Danny Gokey - My Best Days

Danny Gokey may have been somebody who was either liked or loathed on American Idol but he certainly has started off his country music career on the right foot with a hit title track. How does the rest of the album shake out? 

Coming into American Idol’s eighth season (2009), Danny Gokey was basically a blank-slate.  While he had been a youth pastor who occasionally sang in church, he didn’t really have any secular genre that felt like ‘home.’  From the moment that I heard him sing on Idol, I knew there were only two places for his talent to go after he finished his tenure on the talent contest.  Danny could choose to return to his gospel roots and record a Christian record or he could go the secular route and sign a record deal with a country music label.  After finishing third behind Kris Allen and Adam Lambert, Danny Gokey chose to go the secular route and quickly secured a recording deal with 19 Entertainment’s partner Sony Music. 

Recording under the RCA imprint, Danny actually has chosen to record songs that straddle the CCM and country lines and while many of the songs have tasty melodies, it is the lyrics that draw the listener in.  While the CCM-ish production from Mark Bright might be a cause for concern among traditionalist or even country-pop fans, it’s not as if this is unexpected from the widower who was inspired to try out for Idol as a tribute to his departed wife Sohpia.  The record kicks off with the optimistic “My Best Days Are Ahead Of Me,” the song from which My Best Days obviously comes from.  The single, which is in the lower 30s on the chart the week of the album’s release, might be the perfect bridge into Danny’s version of country music as he sings lyrics about being ‘old enough to look back on past mistakes, young enough to still follow dreams,’ and wise enough that even though things may have gone the wrong way in the past, that his best days are still in front of him and not behind him.  It’s an optimistic viewpoint and one that aligns nicely with Gokey’s proclaimed ‘positive message’ music mantra.  Kara DioGuardi co-wrote “I Still Believe” with songwriter Busbee and it seems as if it were written explicitly for Gokey himself as it finds Gokey singing about his belief in God despite all some evidence to the contrary.  Even if not released to mainstream country radio, the soulful crooner might find himself with a CCM or inspirational country chart hit, something that can also be said about the nice spiritual track from Lady Antebellum’s Charles Kelley and Dave Haywood and top songwriter Tom Douglas, “It’s Only.” 

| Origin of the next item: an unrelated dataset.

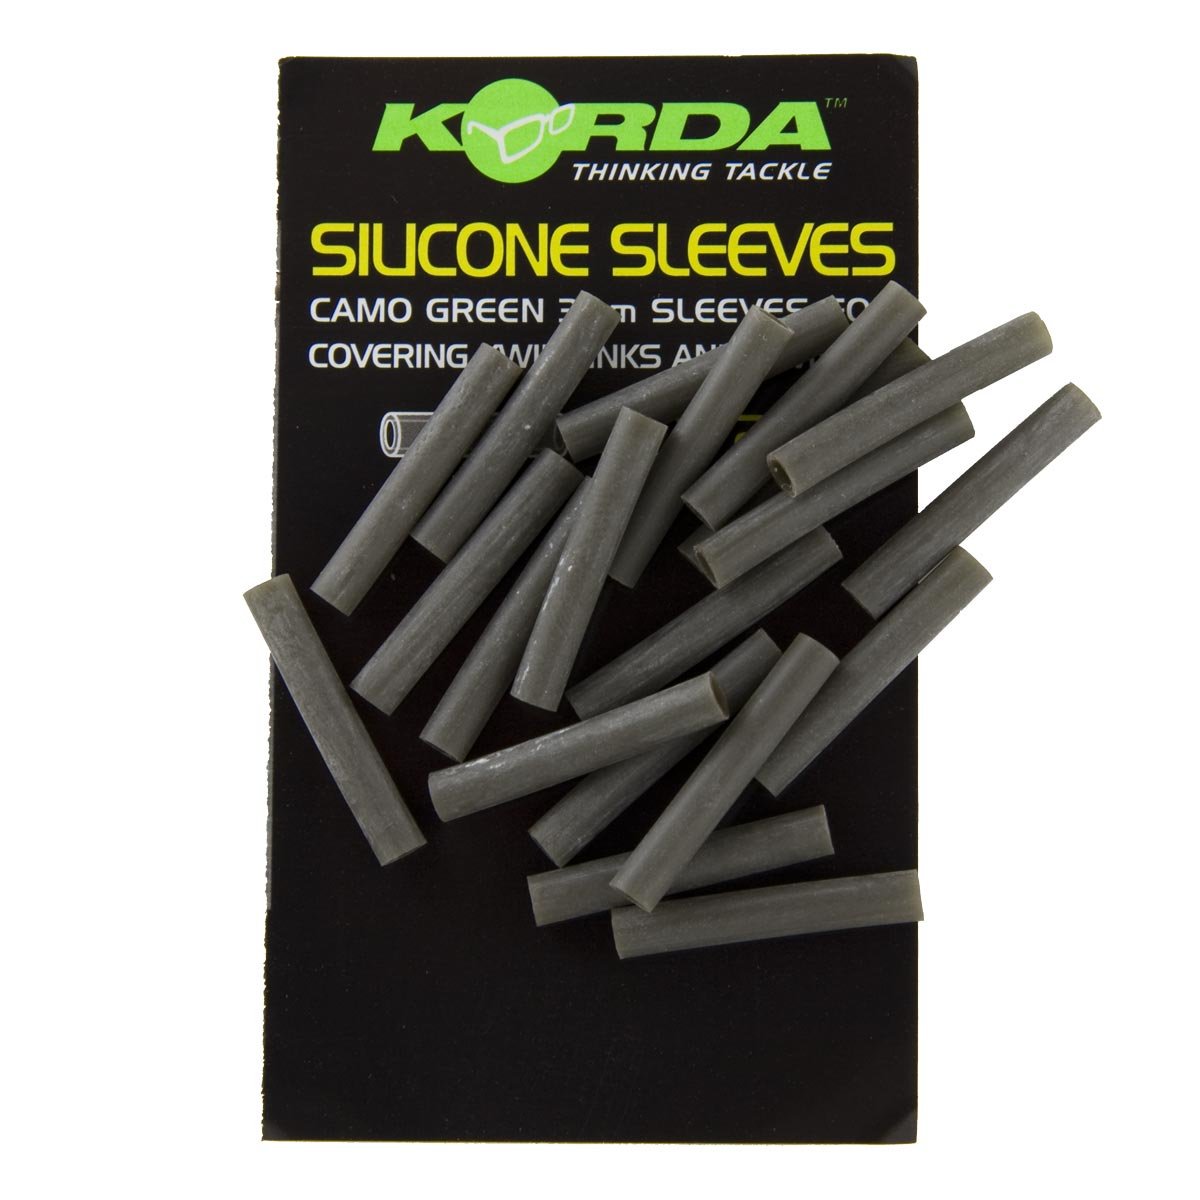 Silicone sleeves 20st

While primarily a mid-tempo contemporary country music affair, there are a couple of tracks on the record where Danny Gokey’s pliable voice is able to soar and one of those is the funky Billy Simon, Jimmy Lee Sloas and Ron Hemby co-write.  “Get Away.”  It’s a bluesy track about a man who is finally at his wits end so he decides that he’s gotta get away from what is causing him to be in a rut.  Another song that fits the up-tempo mantra from Gokey is “Like It’s A Bad Thing.” While the lyrics might be a little ‘cliché filled,’ the songs melody perfectly accentuates the song.  “Crazy On Ya” is another ‘tempo’ song that helps guide the album along.

There are a couple of songs that feel like they’re the touchstones of the album (outside the title track) and they are the Jeffrey Steele and Marv Green co-write “Tiny Life,” and the final two tracks on the album, “Be Somebody” and “I Will Not Say Goodbye.”  The first song recalls the pace of “What Hurts The Most” lyrically with a relaxed melody that seems to get better and better with each successive listen.  There’s a nice guitar solo (by Tom Bukovac) on the track while “Be Somebody” comes from bluesy country artist Joanna Cotten, Texas artist Adam Hood and hit songwriter Greg Barnhill.  The song is a funky, bluesy slice of uptempo country pop (a banjo guides the way) but the lyrics really do tell a story about the nature of humans to want to be ‘somebody.’  The last track on the album is also the most obvious song that references the loss of Danny Gokey’s wife.  Lari White, Chuck Cannon and Vicky McGeehee co-wrote the song and it also is the most ‘passionate’ sounding track on the record.

In the end what every artist’s career comes down to is the strength of the songs they sing.  They not only have to believe the songs they are singing but it also helps to have somewhat lived them.  On My Best Days it sure feels like Danny Gokey has gotten himself a strong set of songs that find him in strong voice.  Yes, this record straddles the line between CCM and Contemporary country music but that doesn’t make it a bad record.  In fact, it’s what makes My Best Days a good record and the exact record I expected him to make after watching him do so well on American Idol.